Both dose strengths of bimatoprost implant met the primary end point of noninferiority to timolol through week 12. One year after 3 administrations, IOP was controlled in most subjects without additional treatment. The risk-benefit assessment favored the 10-μg implant over the 15-μg implant. Ongoing studies are evaluating other administration regimens to reduce the potential for CECD loss. The bimatoprost implant has potential to improve adherence and reduce treatment burden in glaucoma.
评估在原发性开角型青光眼(OAG)和高眼压症(OHT)患者中,初次和重复使用 10μg 和 15μg 比马前列素植入物的降眼压疗效和安全性。
随机、20 个月、多中心、受试者和疗效评估者双盲、平行分组、3 期临床研究。
每只眼均患有 OAG 或 OHT 的成年人,研究眼的下方房角开放,且研究眼基线眼压(小时 0;上午 8 点)在洗脱期后为 22-32mmHg。

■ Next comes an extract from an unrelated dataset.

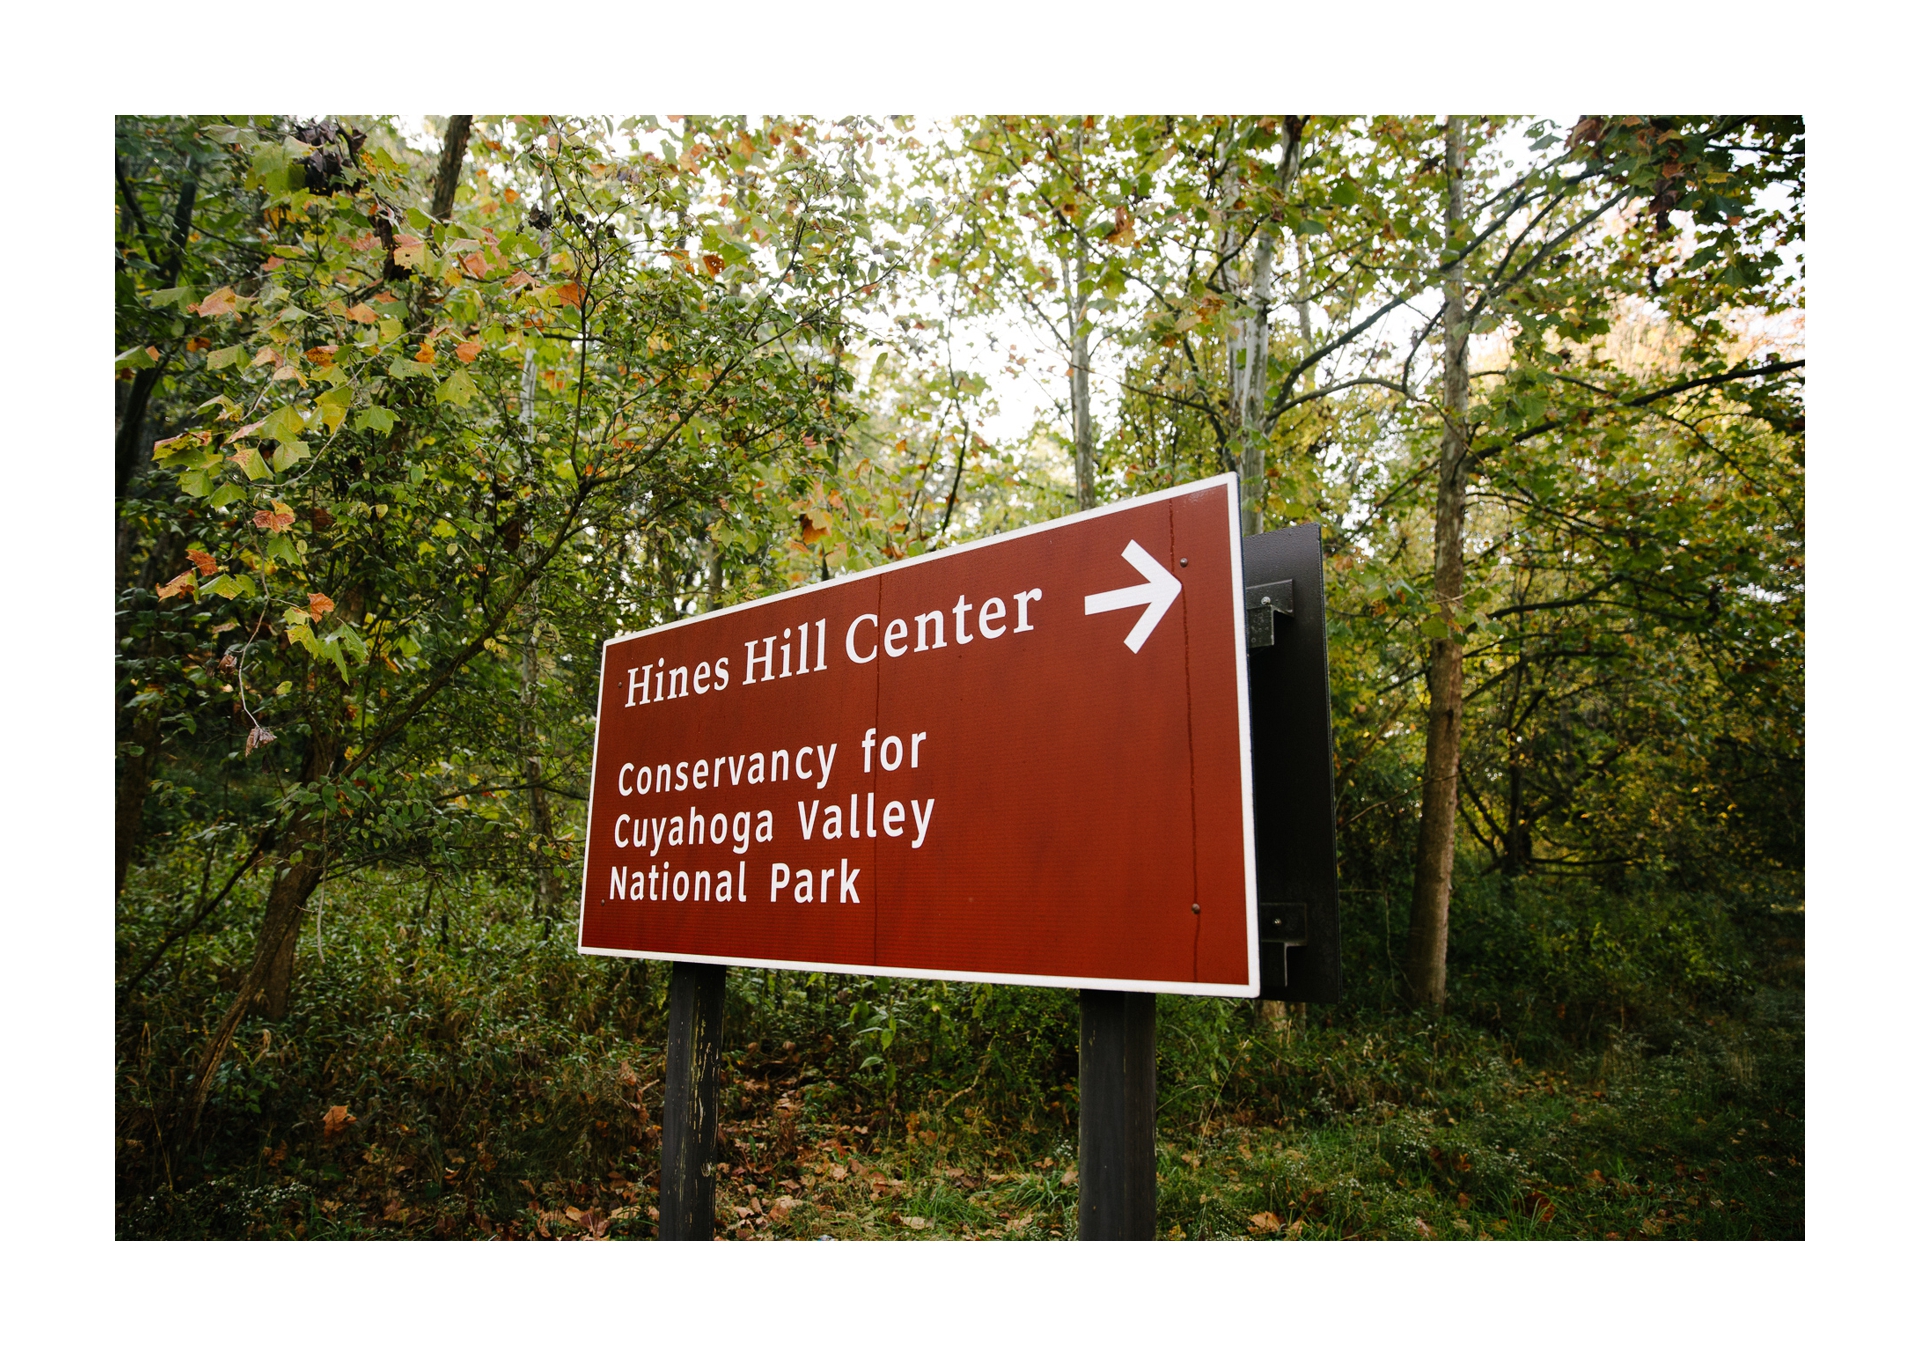 Hines Hill Campus Wedding Photos in Cuyahoga Valley National Park Cleveland 12.jpg

研究眼于第 1 天接受比马前列素植入物 10μg(n=198)或 15μg(n=198)治疗,并在第 16 周和第 32 周进行重复治疗,或接受每日两次马来酸噻吗洛尔 0.5%滴眼剂(n=198)。每次就诊时均在小时 0 和 2 测量眼内压。
主要终点为眼压和第 12 周时的基线眼压变化。安全性测量指标包括治疗中出现的不良事件(TEAEs)和角膜内皮细胞密度(CECD)。
两种剂量的比马前列素植入物在每次给药后的降眼压效果均不劣于噻吗洛尔。在基线时,平均日间眼压为 24.0、24.2 和 23.9mmHg,在第 10μg 植入物、15μg 植入物和噻吗洛尔组中,分别为 16.5-17.2mmHg、16.5-17.0mmHg 和 17.1-17.5mmHg。与比马前列素植入物和噻吗洛尔相比,更感兴趣的角膜和炎症 TEAEs(例如,角膜内皮细胞丢失、虹膜炎)的发生率更高,且 15μg 剂量的发生率最高。重复治疗后角膜 TEAEs 的发生率增加;在固定的 16 周间隔进行 3 次治疗后,角膜内皮细胞损失≥20%的发生率为 10.2%(10μg 植入物)和 21.8%(15μg 植入物)。最佳矫正视力(BCVA)稳定;3 名接受植入物治疗的角膜 TEAEs 受试者在最后一次就诊时的 BCVA 损失超过 2 行。
两种剂量的比马前列素植入物均在第 12 周达到了非劣效于噻吗洛尔的主要终点。在 3 次给药 1 年后,大多数患者无需额外治疗即可控制眼压。与 15μg 剂量相比,10μg 植入物的风险效益评估更有利。正在进行的研究正在评估其他给药方案,以降低角膜内皮细胞丢失的风险。比马前列素植入物具有改善依从性和降低青光眼治疗负担的潜力。